## Exercise
Among the entries below, find the line with "Perceeloppervlakte Dr. Leijdsstraat", then quote it and each following line up to and including the line with "АТ-126 кровать. Современные", and nothing else.

## Input
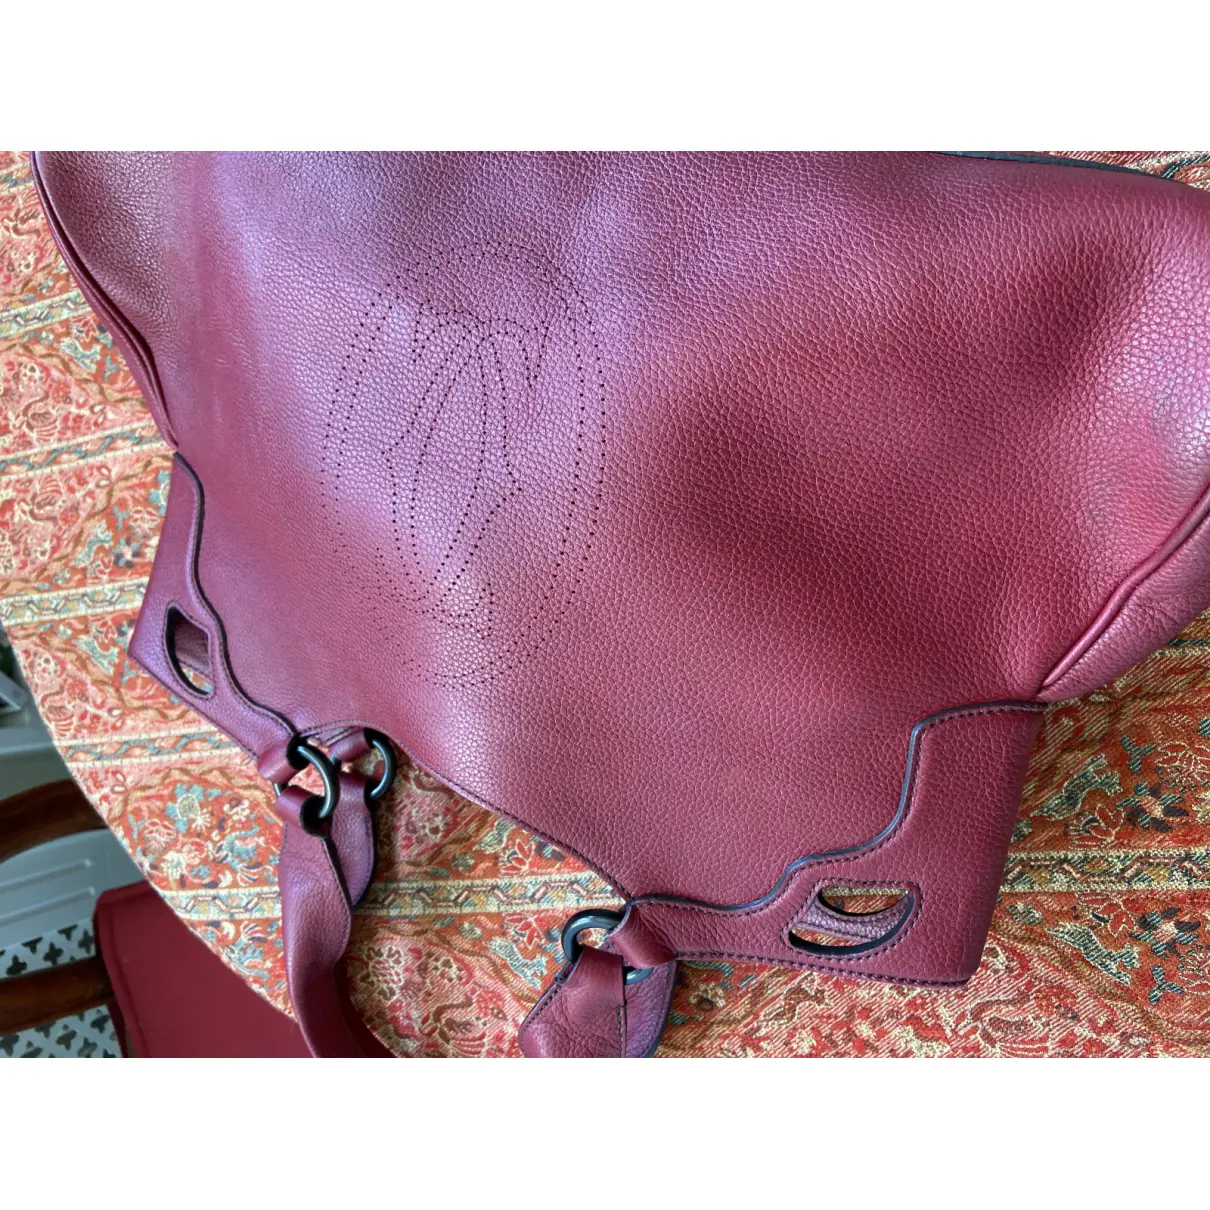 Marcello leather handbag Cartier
--
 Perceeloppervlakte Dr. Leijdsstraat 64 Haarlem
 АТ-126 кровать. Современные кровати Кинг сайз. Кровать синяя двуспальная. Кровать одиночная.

## Exercise output
 Perceeloppervlakte Dr. Leijdsstraat 64 Haarlem
 АТ-126 кровать. Современные кровати Кинг сайз. Кровать синяя двуспальная. Кровать одиночная.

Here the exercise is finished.